The words were very formal, but as she spoke she held out her right hand. Luc took it as he formed his answer, and dropped his grave eyes from her face to her fingers.
A curious little shock of surprise and dismay brought the colour to his cheeks. On the Countess’s forefinger was a diamond ring curiously set round with points formed of sapphires—the very jewel Luc had flung at the feet of the page in the Governor’s house at Avignon, or its exact counterpart.
“Why are you silent?” she asked rather haughtily, and withdrew her hand.
“The ring you wear reminded me of another I saw in the possession of some one so different from you, Countess, that the mere connexion gave me a start.”
“Which ring?” She wore several.
“The diamond, Madame, on your first finger.”
“That is very extraordinary!” she exclaimed.
“In what way, Madame?”
She flushed now.
“Oh, I did not know there were two such rings, that is all.” She seemed desirous of dismissing the subject, and he had no excuse for pressing it, though he wondered that she should not carelessly have told him how she came by the jewel, and so have set at rest his first impression—that she was wearing the actual jewel M. de Richelieu had offered him as a bribe.
“I hope I shall see you at Versailles,” she said.
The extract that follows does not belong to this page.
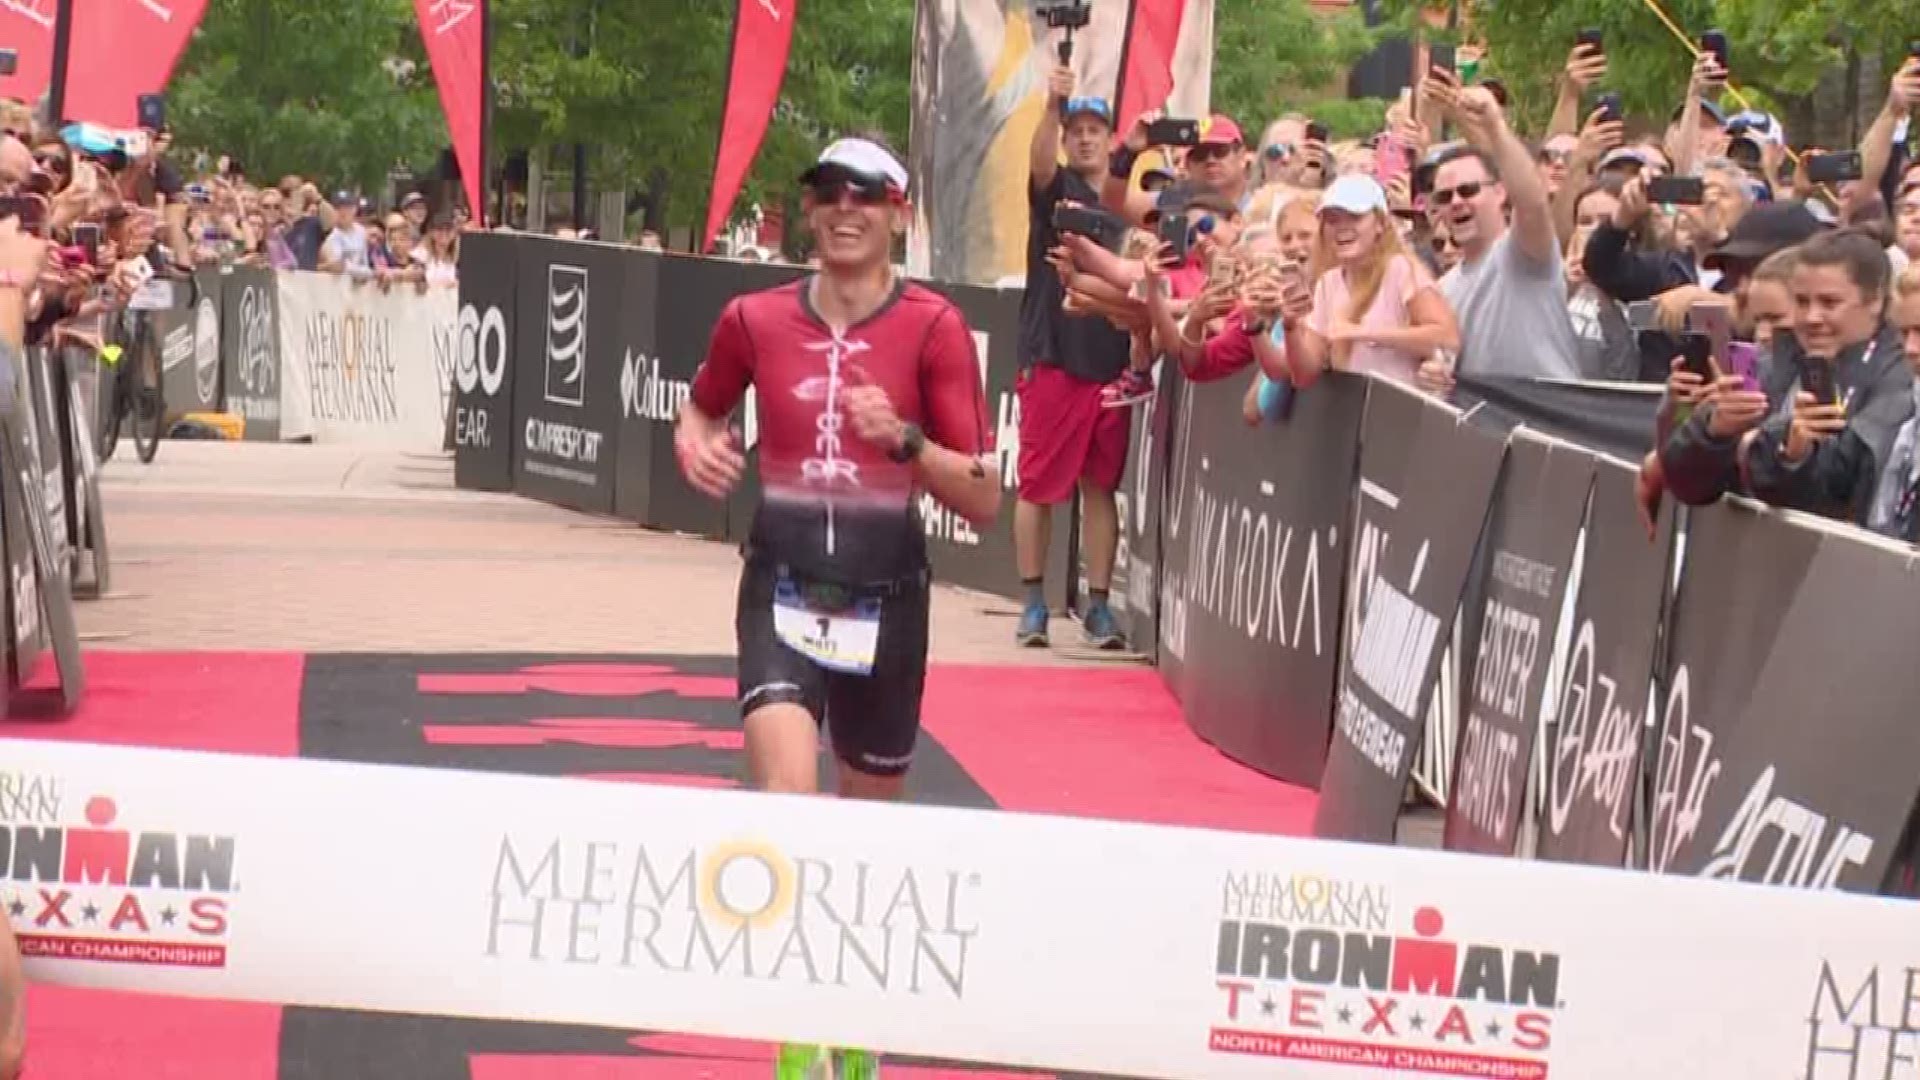 Athlete dies during IRONMAN competition in The Woodlands

She was walking towards the gate, and her stiff skirts rustled on the untidy gravel path. “I think you are on a sorrowful quest,” she added timidly; “forgive me.”
“Believe me that I am happy,” he answered gravely.
Above the dark bulk of the house was the primrose-coloured moon, a thin crescent; there was a shiver in the air. Luc looked at the Countess, and thought that her eyes were suddenly flushed with tears.
“If I could help you, if I could prevent it,” she began passionately, then checked herself and held out, curiously enough, her left hand. “Good-bye,” she said.
He kissed her fingers and left her. As he passed along the darkening street before her house he thought that he had never known the fading of the sky and the first glimmering of the moon of such poignant beauty.